Reproduce the full listing below unchanged, apart from the pictures.

*** Opening of INFORMATION SHOWN ***

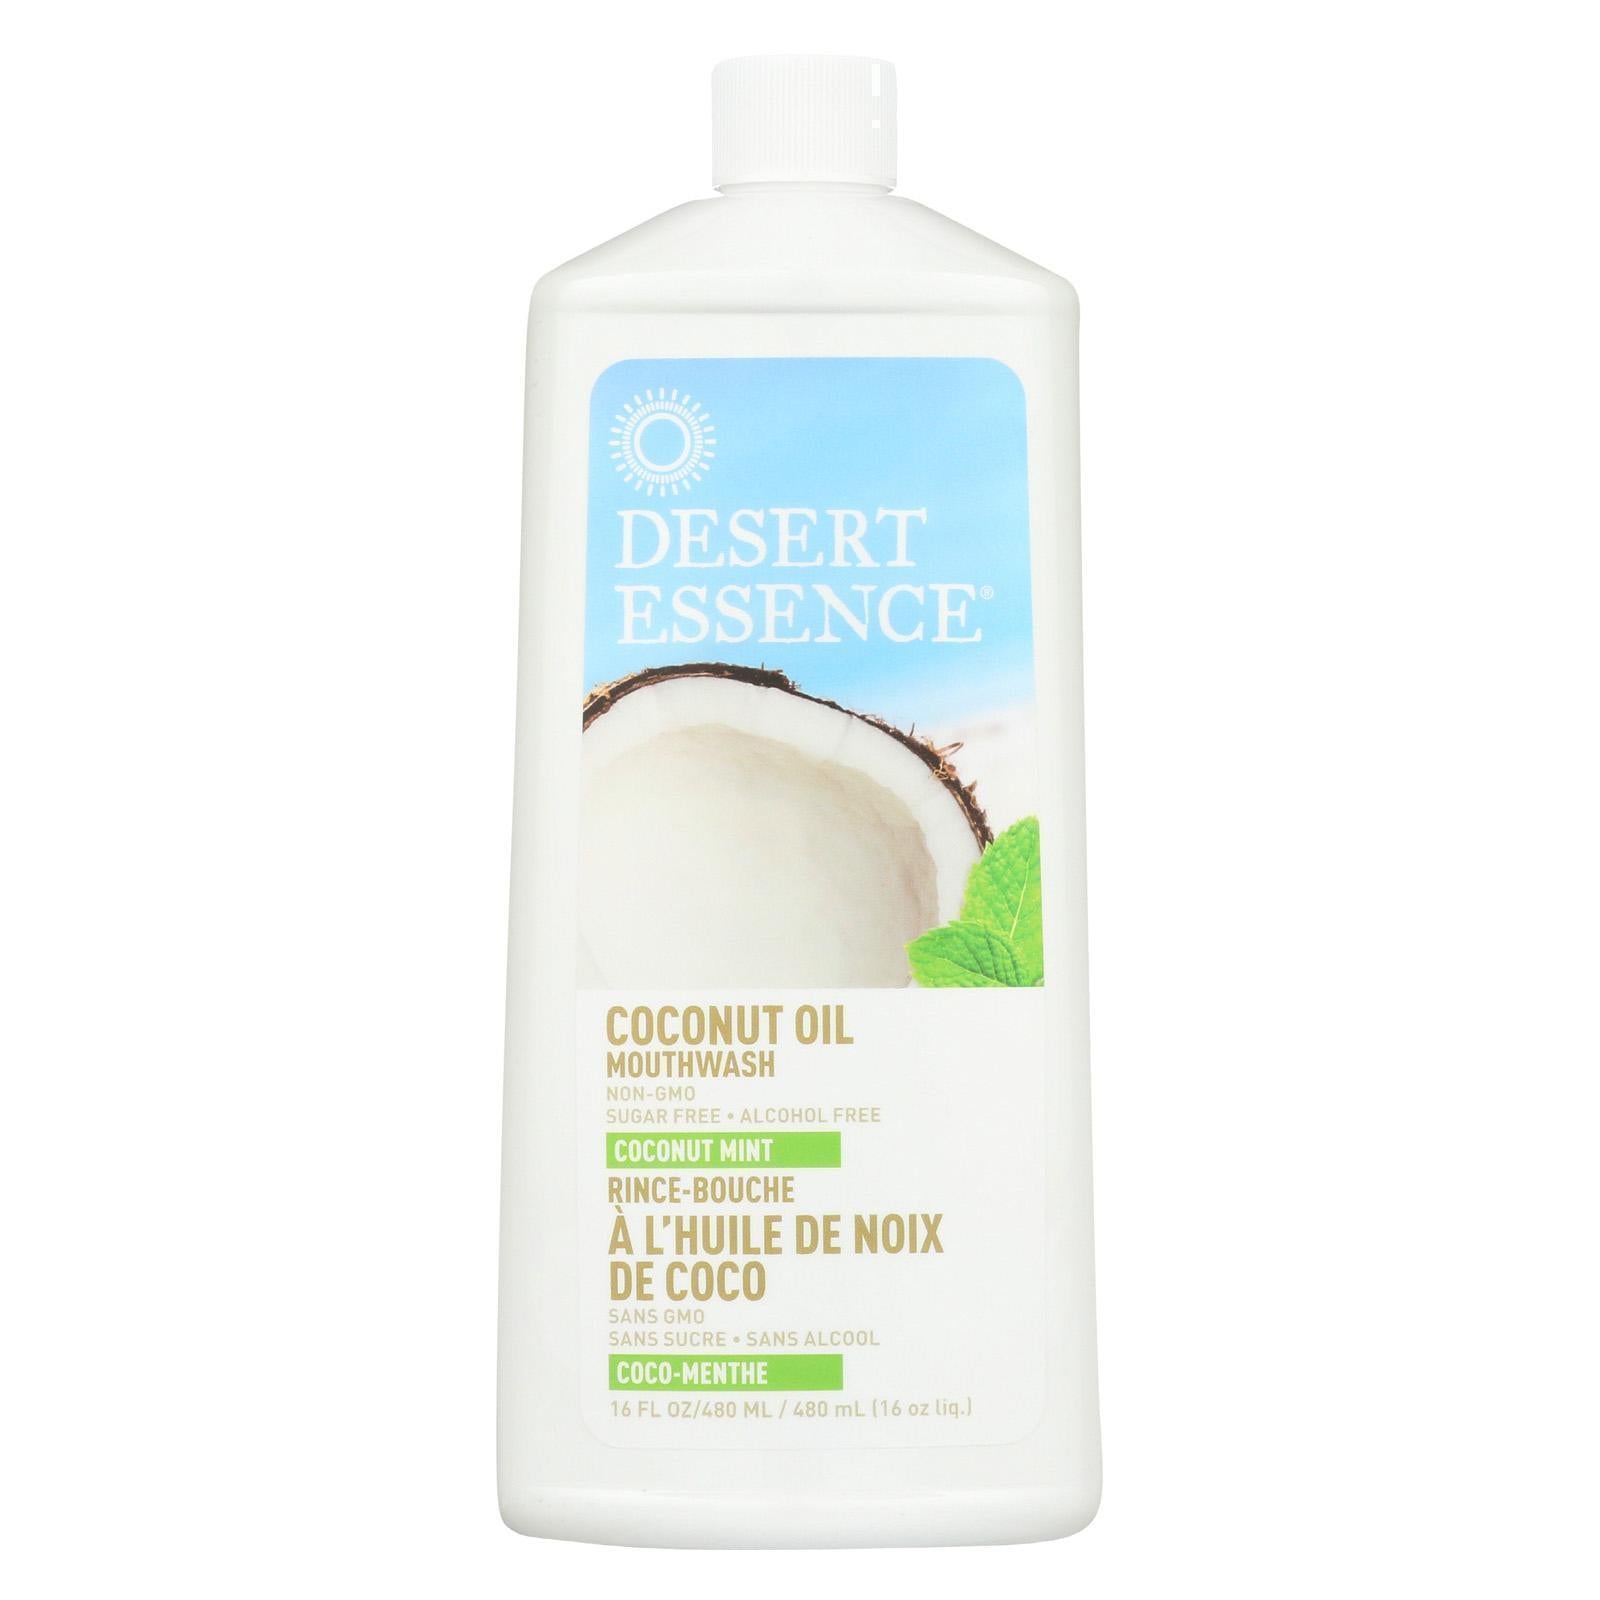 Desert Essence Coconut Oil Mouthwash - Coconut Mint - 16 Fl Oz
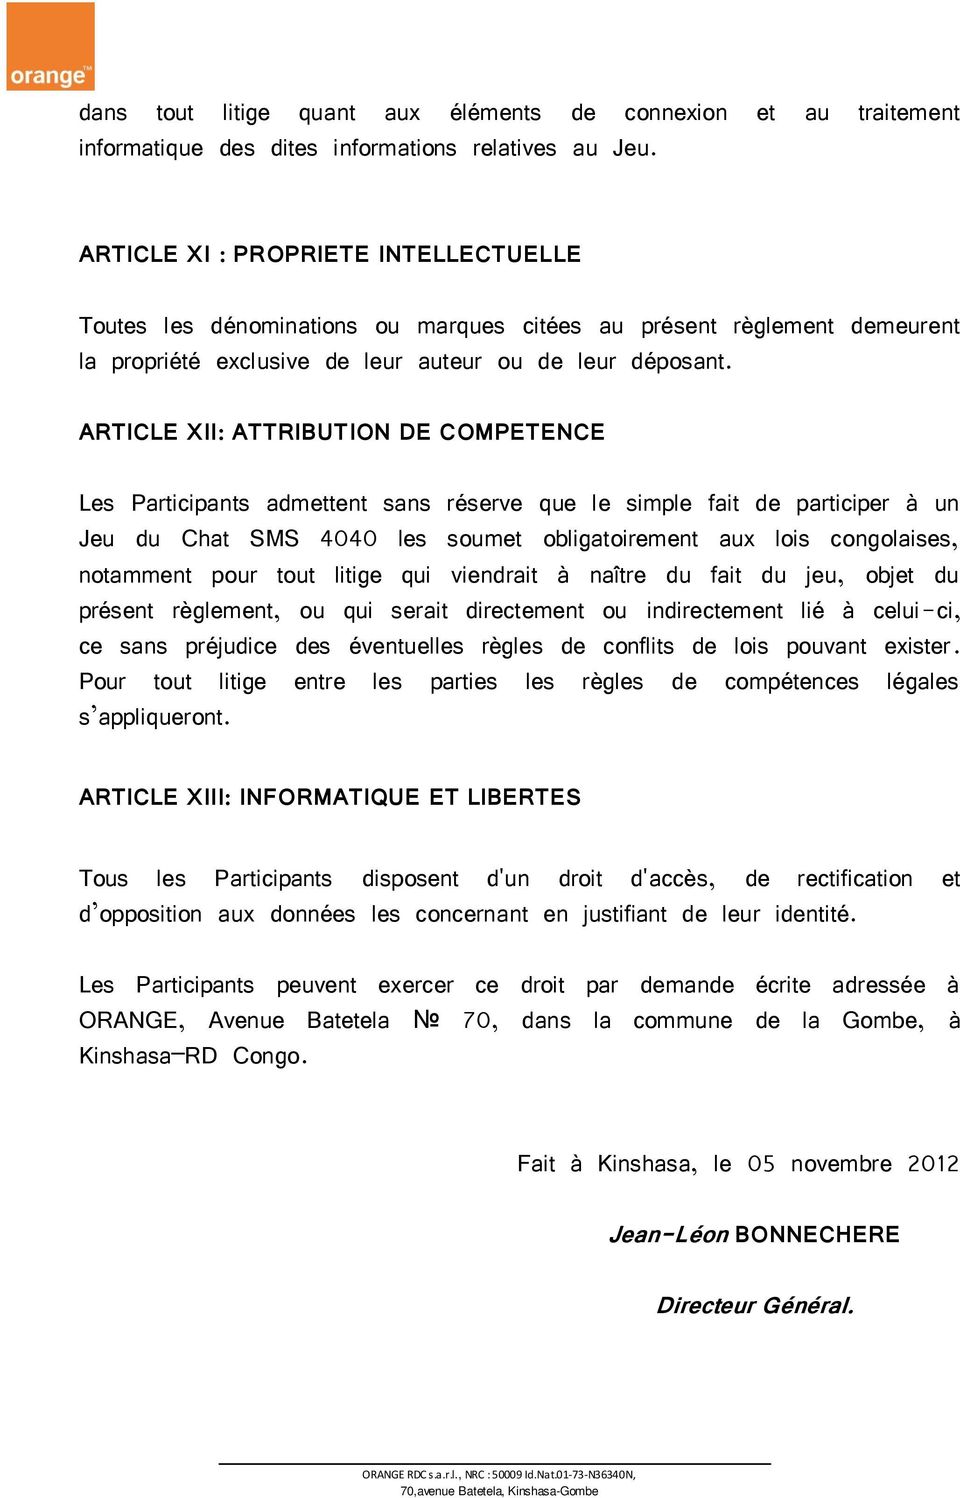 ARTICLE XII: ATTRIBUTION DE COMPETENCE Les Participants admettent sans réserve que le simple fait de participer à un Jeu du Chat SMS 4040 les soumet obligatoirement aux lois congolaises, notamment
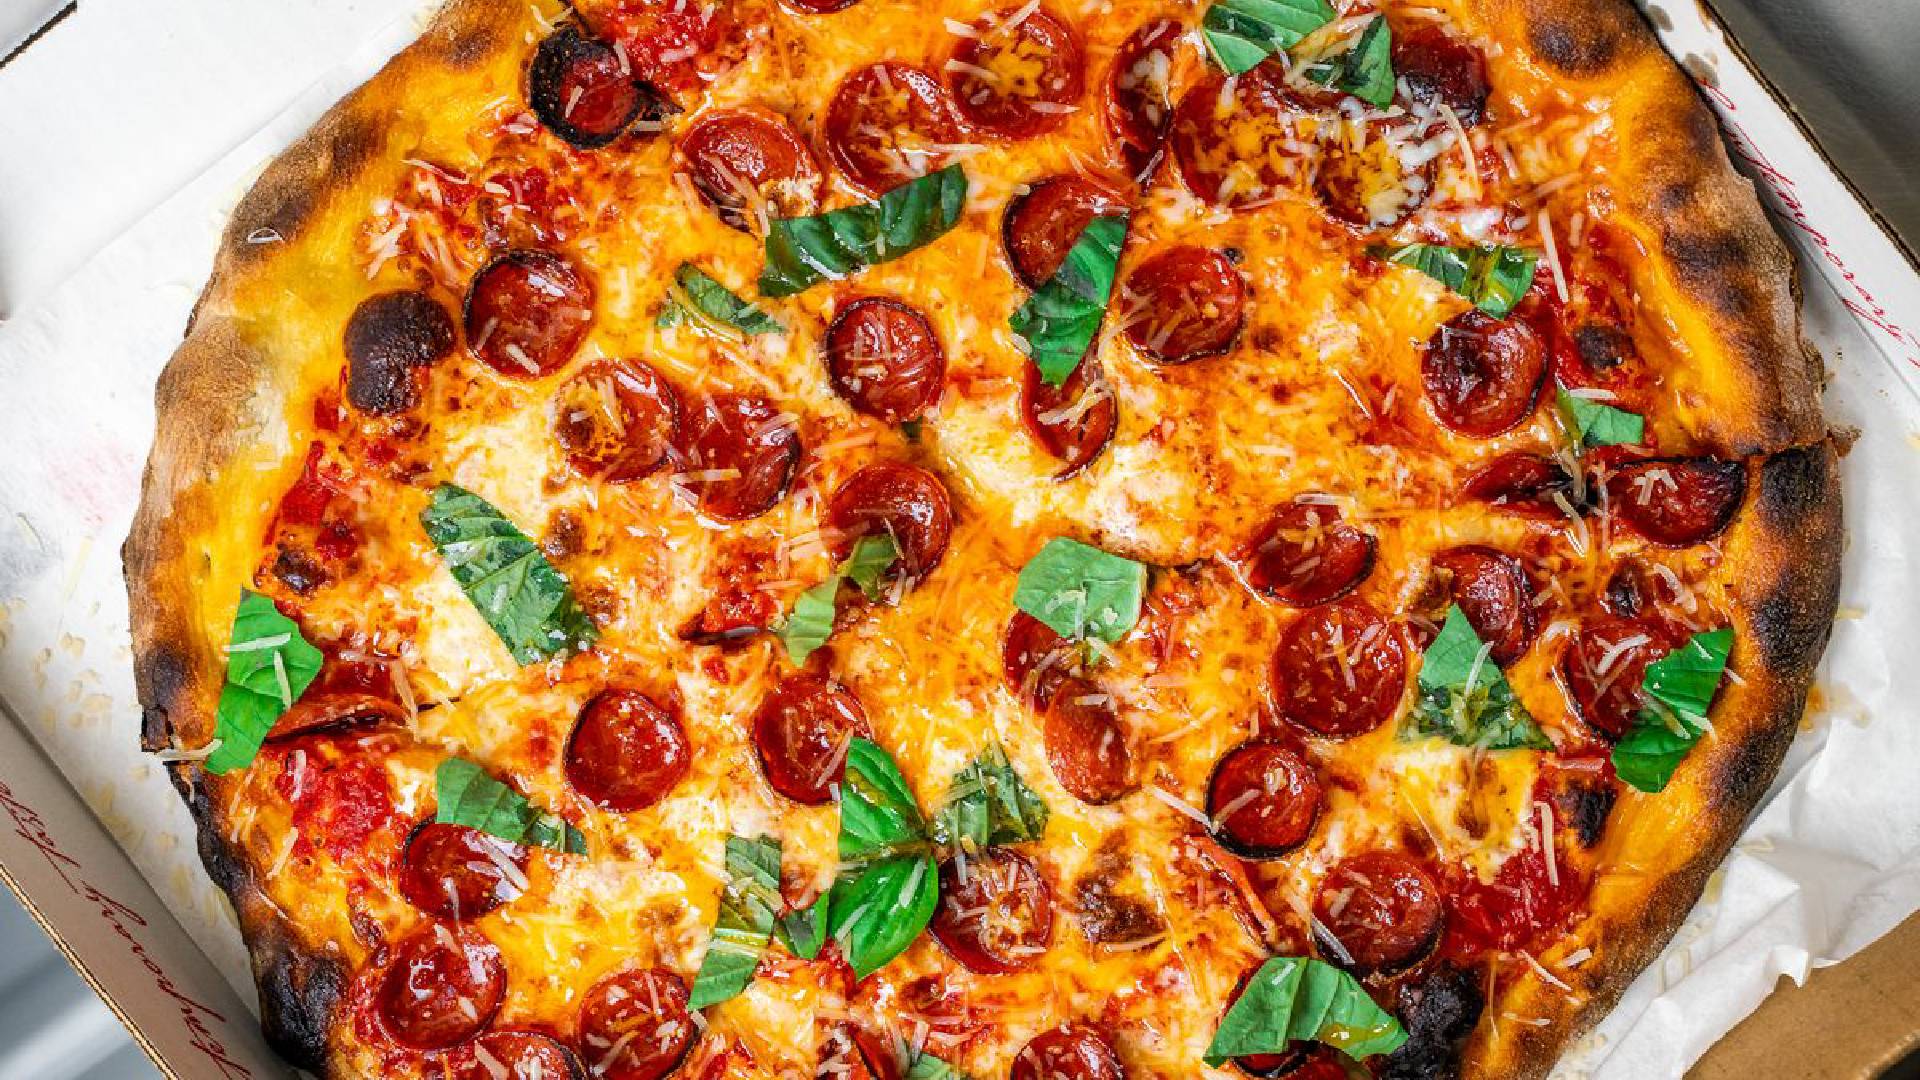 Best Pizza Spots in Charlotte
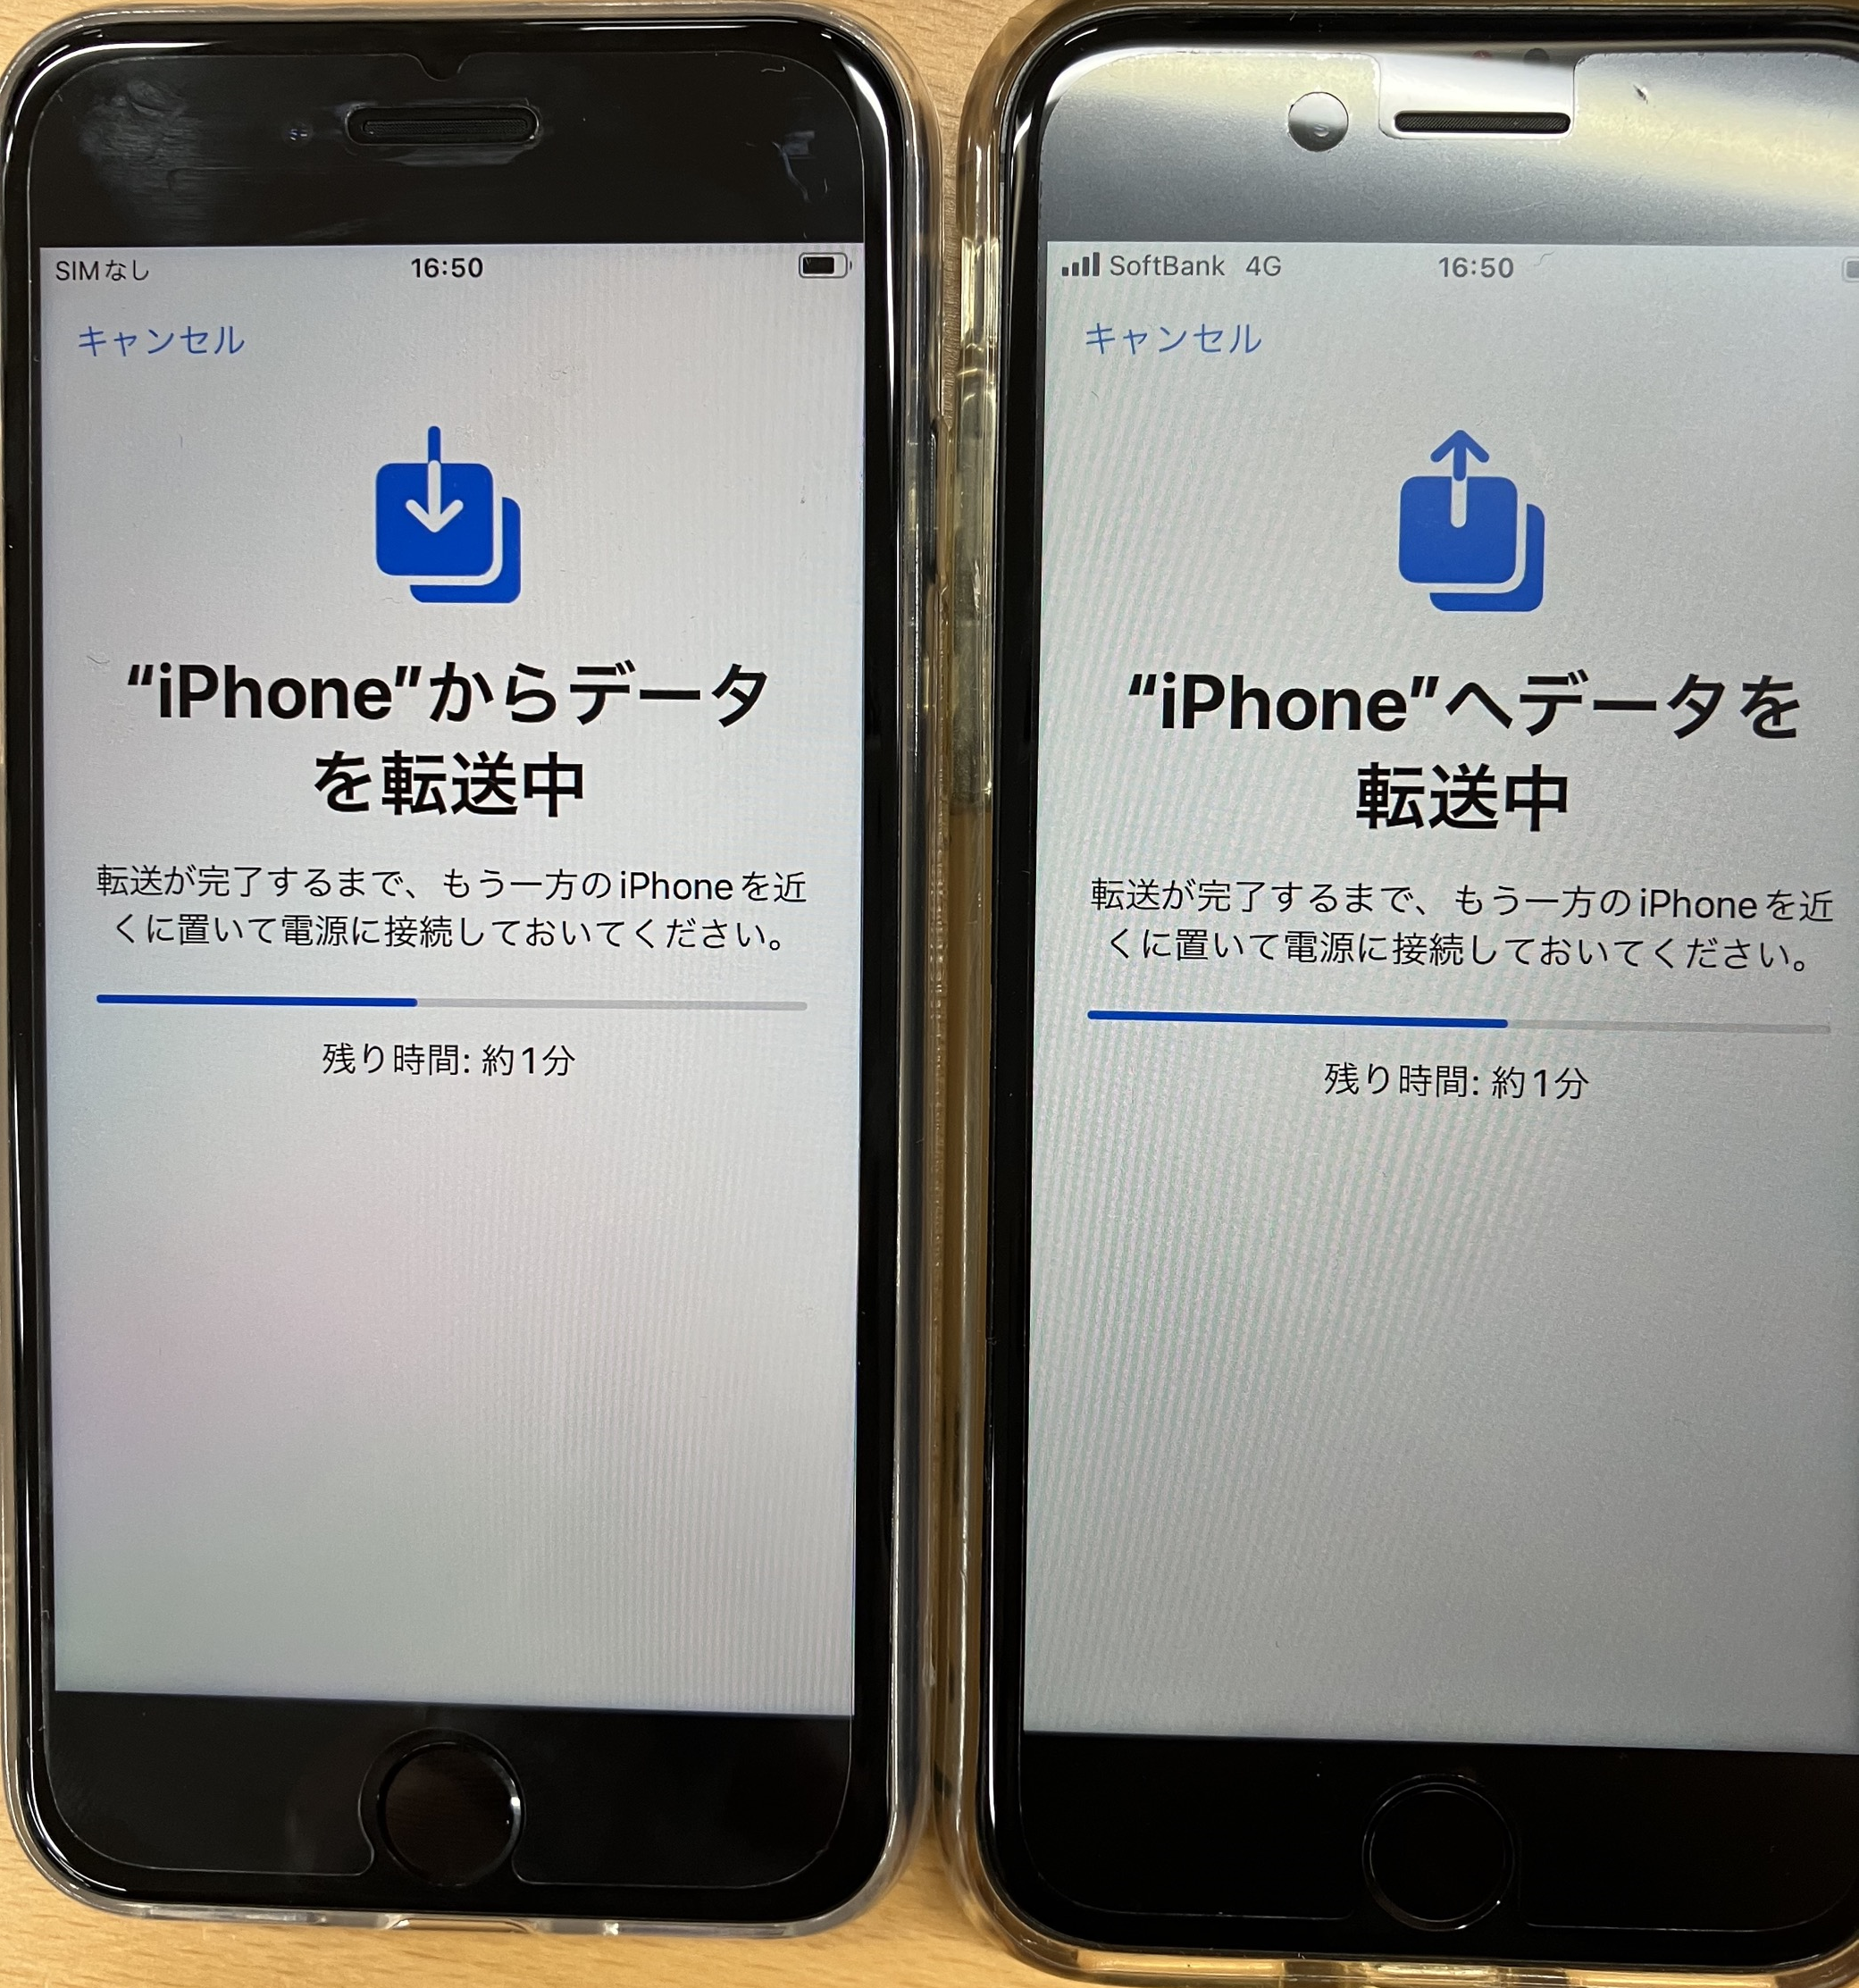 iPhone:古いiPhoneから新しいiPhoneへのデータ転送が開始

*** Close of INFORMATION SHOWN ***

RESULT FOR THIS TASK:
 Desert Essence Coconut Oil Mouthwash - Coconut Mint - 16 Fl Oz
 ARTICLE XII: ATTRIBUTION DE COMPETENCE Les Participants admettent sans réserve que le simple fait de participer à un Jeu du Chat SMS 4040 les soumet obligatoirement aux lois congolaises, notamment
 Best Pizza Spots in Charlotte
 iPhone:古いiPhoneから新しいiPhoneへのデータ転送が開始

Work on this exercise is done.